Sammy Timberg provided the musical score. Background/layout artist Shane Miller (also uncredited) used Fleischer’s 3D stereoptical system well.

The threadbare plot, in which a prospector kidnaps Spunky for his pack animal before Momma comes to the rescue, is unremarkable. Shamus Culhane would reuse it in a later Hunky and Spunky cartoon.

The following cartoon, Always Kickin’ (1/27/39), featured considerable character design and expressivity improvements, although the pie-cut eyes remained. Friedman again went uncredited, with Waldman, who directed, and Arnold Gillespie listed as the animators. Uncredited players also include Jack Mercer (voices), Sammy Timberg (music), and Shane Miller (backgrounds, layout).

The story has Spunky rejected by warbling birds, who mock him until he rescues them from a hungry buzzard (almost certainly animated by Waldman) with his kicking prowess.

The Barnyard Brat (6/30/39) features misbehaving Spunky as the bane of the other barnyard animals until a rooster rallies them against the brat. Spunky gets his comeuppance from them, but even after being rescued by Momma, he continues his tantrums until he finally gets a good spanking. It does little to change his ways.

The characters, animated by director Waldman and Tony Pabian (Friedman is again uncredited), regress visually. Jack Mercer’s uncredited vocals are annoying, and despite several good spot gags, there’s no gold here. Sammy Timberg and Shane Miller are again uncredited.

The first entry of the 1940s, A Kick in Time, was notable for Shamus Culhane taking the (uncredited) direction, along with a team of animators assigned to him. Along with veteran Al Eugster (only he and Culhane had animation credits), Reuben Grossman, Abner Knietel, Nick Tafuri, Bob Wickersham, John Walworth, and Hal Seeger worked on the short. Seeger and Culhane would collaborate on the TV cartoon series Milton the Monster almost twenty-five years later.
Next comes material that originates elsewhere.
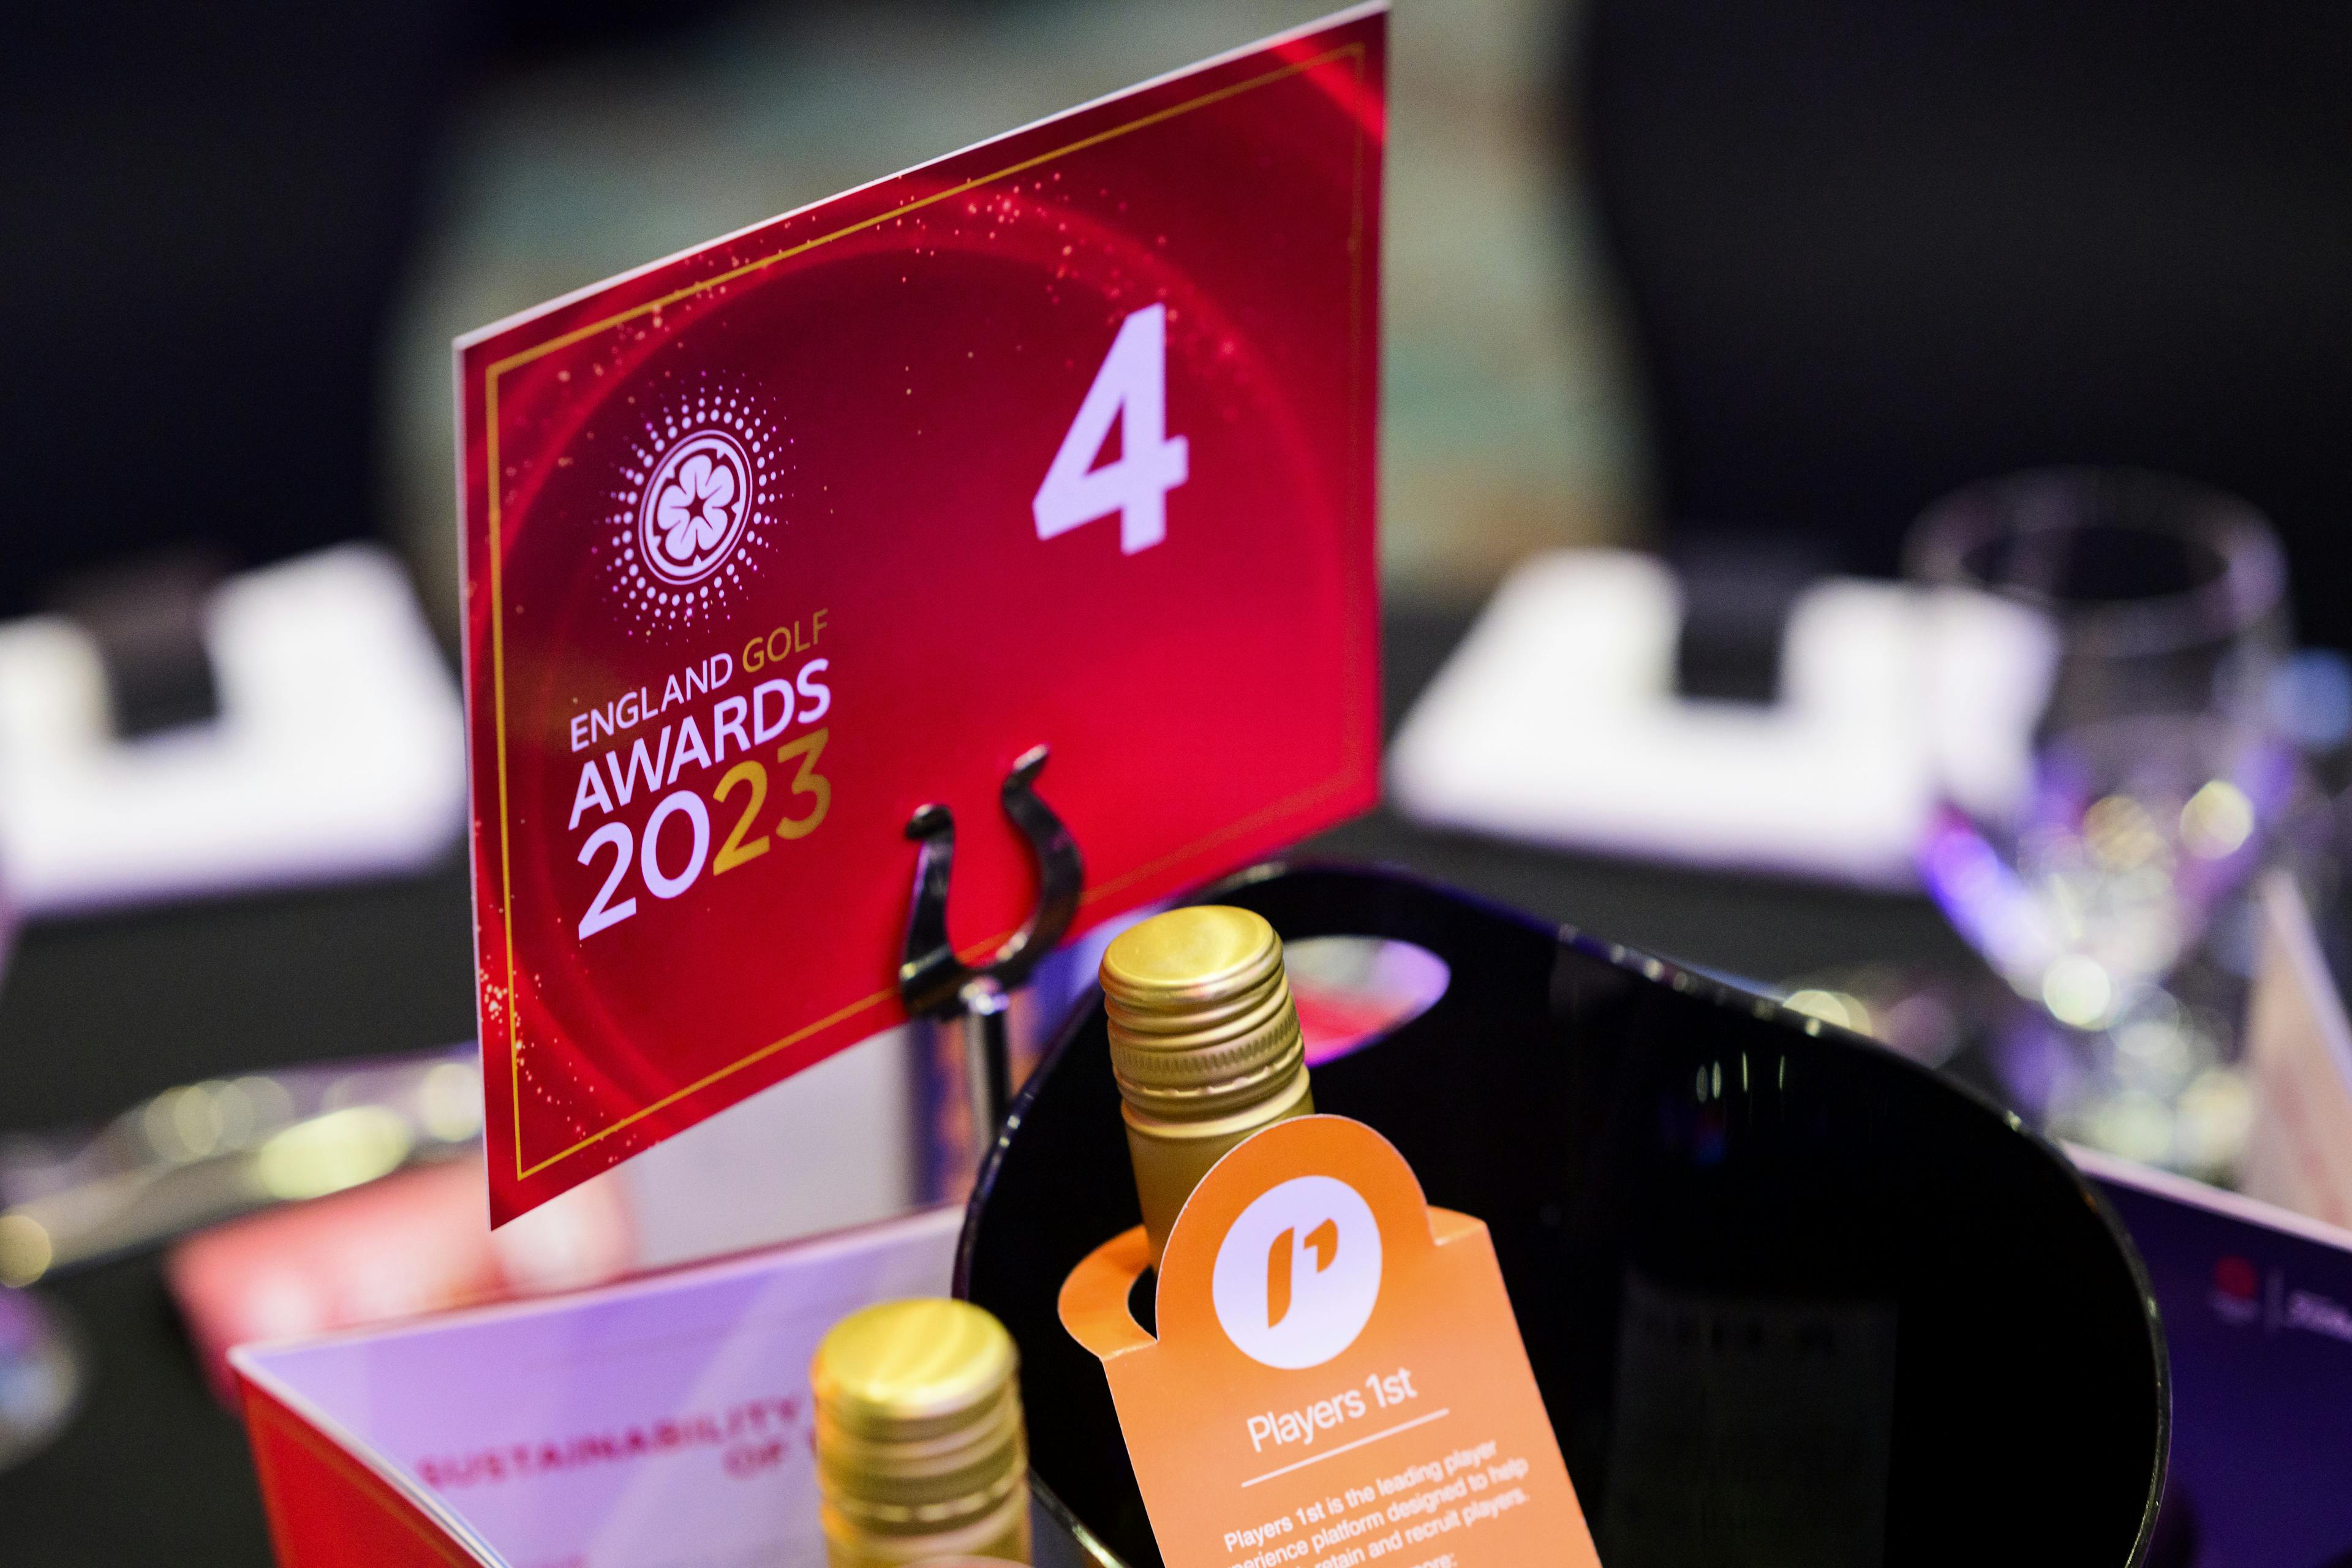 Players 1st sponsored the wine at the England Golf Awards 2023 as a contribution to the event, which the golf member experience management company has supported in various ways since 2018.

The short displays many of Culhane’s strengths, including the consistent volume of the characters and improved timing. For the first time, the donkeys display uncut eye pupils. The cartoon is very similar to the first Hunky and Spunky short, with Spunky kidnapped to be a draft animal and rescued by Momma. However, this cartoon is essentially unwatchable due to the severe abuse and cruelty inflicted on Spunky for virtually the entire short. Sammy Timberg is credited this time, but Shane Miller is not.

There would be three more entries in the series. Covering them in detail is almost redundant; the same personnel appears in virtually every one, save for Pinto Colvig, who teamed up with Jack Mercer on vocal work in the two subsequent cartoons. The shorts Snubbed by a Snob (7/19/40), You Can’t Shoe a Horsefly (8/23/40), and Vitamin Hay (8/22/41) all reflect a declining animation studio.

By the waning days of 1939, Betty Boop was gone, and Fleischer did not even own their remaining stars – Popeye and Superman. The studio instead put costly efforts into producing two feature films. The final Hunky and Spunky cartoon came out as Paramount was calling in the studio’s debts, and Max and Dave Fleischer were not even on speaking terms.

The studio’s last gasp was likely the two excellent Superman cartoons released under the Fleischer aegis. Hunky and Spunky never developed into fan favorites, and neither did the flurry of Stone Age cartoons that the studio launched in 1940.

Hunky vanished, but Spunky went on to star in four Paramount shorts directed by various animators and not, as credited, Izzy Sparber. Yankee Doodle Donkey (11/27/44) found the burro trying to enlist in a cadre of military dogs. The bulldog colonel rejects him, but Spunky saves the colonel and the regiment from an invading flea army.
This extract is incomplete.